To perform this review the court looks to whether the agency considered those factors Congress intended it to consider; whether the agency considered factors Congress did not intend it to consider; whether the agency failed entirely to consider an important aspect of the problem; whether the agency decision runs counter to the evidence before it; or whether there is such a lack of a rational connection between the facts found and the decision made that the disputed decision cannot "be ascribed to a difference in view or the product of agency expertise." Motor Vehicle Mfrs. Ass'n v. State Farm Mut. Auto. Ins. Co., 463 U.S. 29, 43 (1983). If the agency itself has not provided a reasoned basis for its action, the court may not supply one. Id.

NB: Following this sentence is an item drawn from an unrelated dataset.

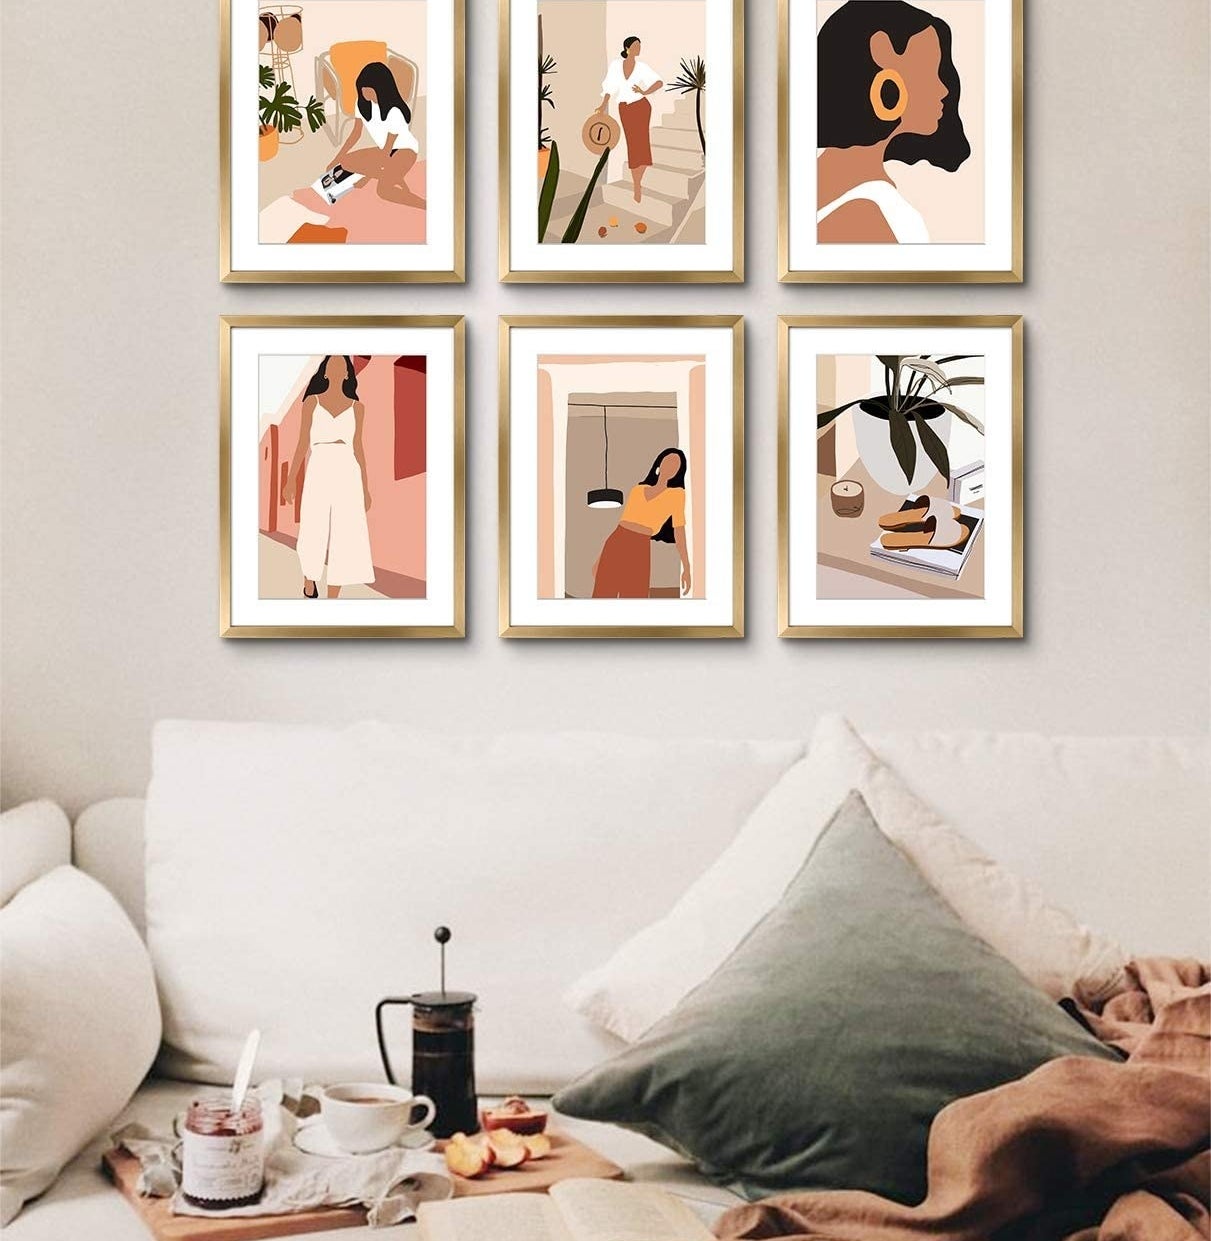 The six framed art prints on a wall above a couch

Nonetheless, the reviewing court may not substitute its judgment for that of the agency and must give substantial deference to agency determinations. Id. This deference is particularly

-3- appropriate when the agency determination in issue concerns a subject within the agency's own area of expertise. Marsh, 490 U.S. at 377-78. An agency making fact-based determinations in its own field of expertise, particularly where those determinations are wrapped up with scientific judgments, must be permitted "to rely on the reasonable opinions of its own qualified experts even if, as an original matter, a court might find contrary views more persuasive." Id. at 378.

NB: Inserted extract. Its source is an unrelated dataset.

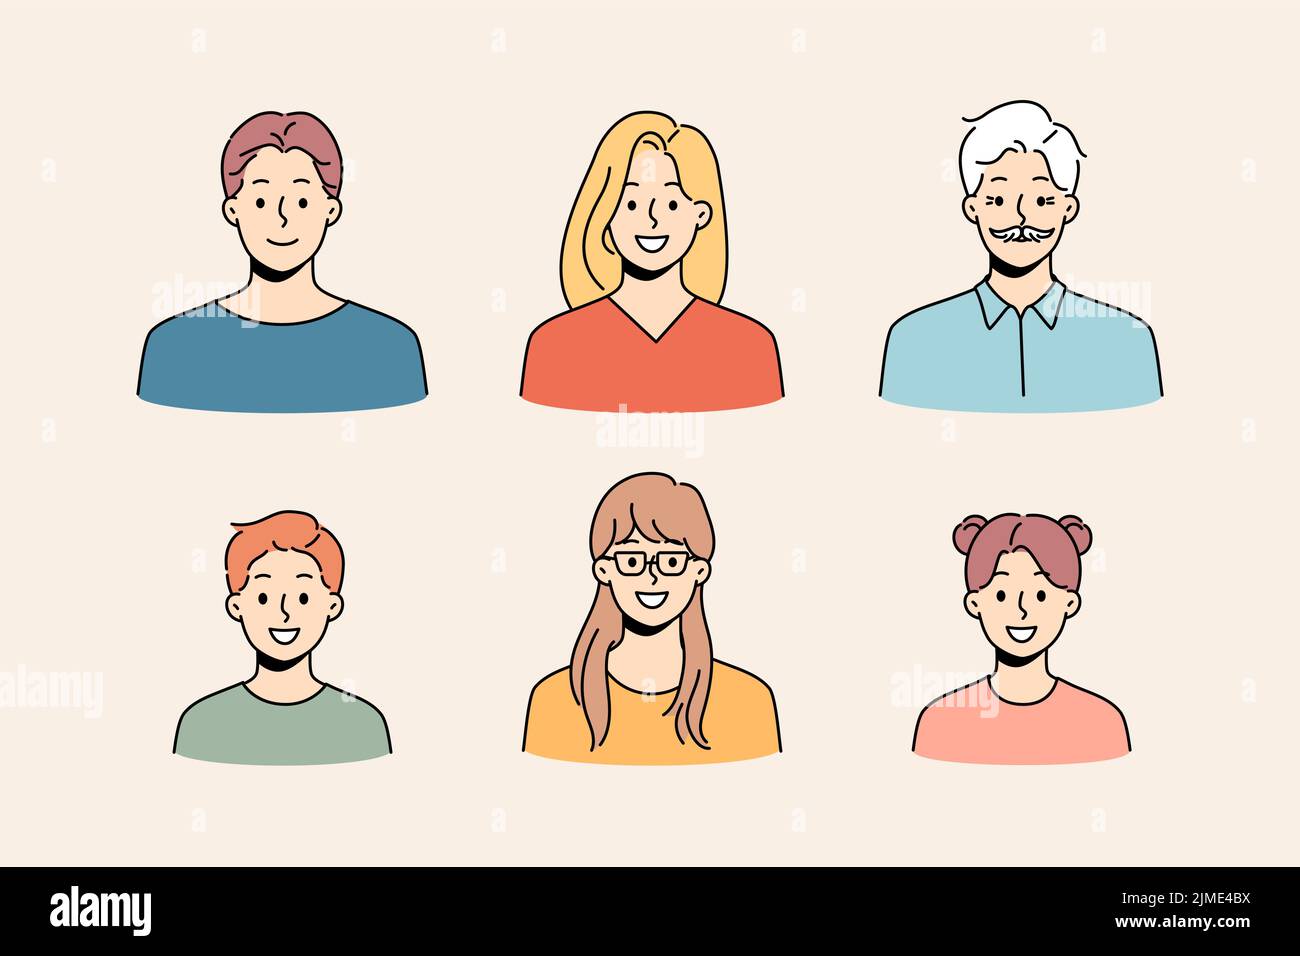 Avatars of diverse people set. Collection of younger and older person faces. Diversity and equality. Vector illustration.  Stock Vector

B. Substantive Due Process

For Downer to lose his eligibility for USDA crop price supports, the agency must have determined that the land in issue was a wetland, that Downer converted the wetland, that the conversion did not start before December 23, 1985, and that Downer planted an agricultural commodity on the converted wetland.2 Downer does not dispute that he planted an agricultural commodity on the land in issue; he argues, however, that the agency findings on all the other points were arbitrary and capricious.

1. Wetland Determination

Under Swampbuster, the term "wetland" refers to land that

(A) has a predominance of hydric soils; (B) is inundated or saturated by surface or groundwater at a frequency and duration sufficient to support a prevalence of hydrophytic vegetation typically adapted for life in saturated soil conditions; and

(C) under normal circumstances does support a prevalence of such vegetation.

2 Downer also argues that the agency had to determine that the wetland was not artificially created in the first place. The agency argues this step is irrelevant and need not be performed. Because of our discussion in Part II. B.4. we need not resolve this issue.

-4- 16 U.S.C. § 3801 (a)(16). The administrative record establishes that the agency considered all three factors. The SCS took soil samples from the areas in dispute and used those samples to determine that the areas had a predominance of hydric soils.